Task description: Look for the word "Black" in the entries and copy every line where it shows up.

Records for processing:
* * * * *

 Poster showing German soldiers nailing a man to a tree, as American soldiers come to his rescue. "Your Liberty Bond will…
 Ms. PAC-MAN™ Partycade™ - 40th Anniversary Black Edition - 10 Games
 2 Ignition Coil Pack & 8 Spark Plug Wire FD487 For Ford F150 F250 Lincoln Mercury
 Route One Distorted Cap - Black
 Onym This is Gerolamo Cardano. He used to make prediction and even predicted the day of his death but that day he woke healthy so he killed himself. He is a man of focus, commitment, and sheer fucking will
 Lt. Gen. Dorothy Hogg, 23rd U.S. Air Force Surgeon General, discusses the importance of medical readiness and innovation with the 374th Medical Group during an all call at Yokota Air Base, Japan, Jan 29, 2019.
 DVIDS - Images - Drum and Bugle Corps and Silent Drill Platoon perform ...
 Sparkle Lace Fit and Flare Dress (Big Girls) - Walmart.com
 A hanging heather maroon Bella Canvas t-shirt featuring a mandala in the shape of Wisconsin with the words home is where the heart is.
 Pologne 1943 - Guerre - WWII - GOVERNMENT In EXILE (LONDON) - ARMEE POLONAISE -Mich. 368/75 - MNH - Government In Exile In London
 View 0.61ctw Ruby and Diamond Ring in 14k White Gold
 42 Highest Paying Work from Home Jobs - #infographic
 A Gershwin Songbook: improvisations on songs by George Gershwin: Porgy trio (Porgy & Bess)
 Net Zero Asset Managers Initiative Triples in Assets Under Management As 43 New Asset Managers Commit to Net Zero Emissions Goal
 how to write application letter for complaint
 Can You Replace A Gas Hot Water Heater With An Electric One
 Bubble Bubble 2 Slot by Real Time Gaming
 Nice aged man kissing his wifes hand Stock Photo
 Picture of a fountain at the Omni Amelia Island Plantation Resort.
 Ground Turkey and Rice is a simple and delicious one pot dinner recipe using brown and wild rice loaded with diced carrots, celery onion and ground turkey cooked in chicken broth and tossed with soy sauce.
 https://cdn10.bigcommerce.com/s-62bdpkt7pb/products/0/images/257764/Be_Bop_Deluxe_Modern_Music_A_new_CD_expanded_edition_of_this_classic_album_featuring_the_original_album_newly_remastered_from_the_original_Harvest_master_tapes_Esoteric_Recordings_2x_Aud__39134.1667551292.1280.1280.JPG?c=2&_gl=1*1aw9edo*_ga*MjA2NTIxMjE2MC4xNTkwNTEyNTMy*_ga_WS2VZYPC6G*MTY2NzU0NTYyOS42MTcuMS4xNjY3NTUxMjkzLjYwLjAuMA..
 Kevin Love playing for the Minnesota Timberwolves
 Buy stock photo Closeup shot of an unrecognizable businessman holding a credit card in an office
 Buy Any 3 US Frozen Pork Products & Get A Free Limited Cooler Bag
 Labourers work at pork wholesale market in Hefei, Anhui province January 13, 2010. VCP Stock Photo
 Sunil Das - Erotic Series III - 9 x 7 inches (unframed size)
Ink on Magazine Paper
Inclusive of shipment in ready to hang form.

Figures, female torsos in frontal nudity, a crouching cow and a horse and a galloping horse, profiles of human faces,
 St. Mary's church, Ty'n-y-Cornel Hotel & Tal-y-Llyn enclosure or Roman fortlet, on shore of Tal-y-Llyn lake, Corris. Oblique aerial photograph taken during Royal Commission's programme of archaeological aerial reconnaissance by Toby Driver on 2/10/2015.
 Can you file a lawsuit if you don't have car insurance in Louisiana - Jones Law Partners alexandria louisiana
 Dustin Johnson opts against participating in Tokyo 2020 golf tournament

* * * * *

Response to this task:
 Ms. PAC-MAN™ Partycade™ - 40th Anniversary Black Edition - 10 Games
 Route One Distorted Cap - Black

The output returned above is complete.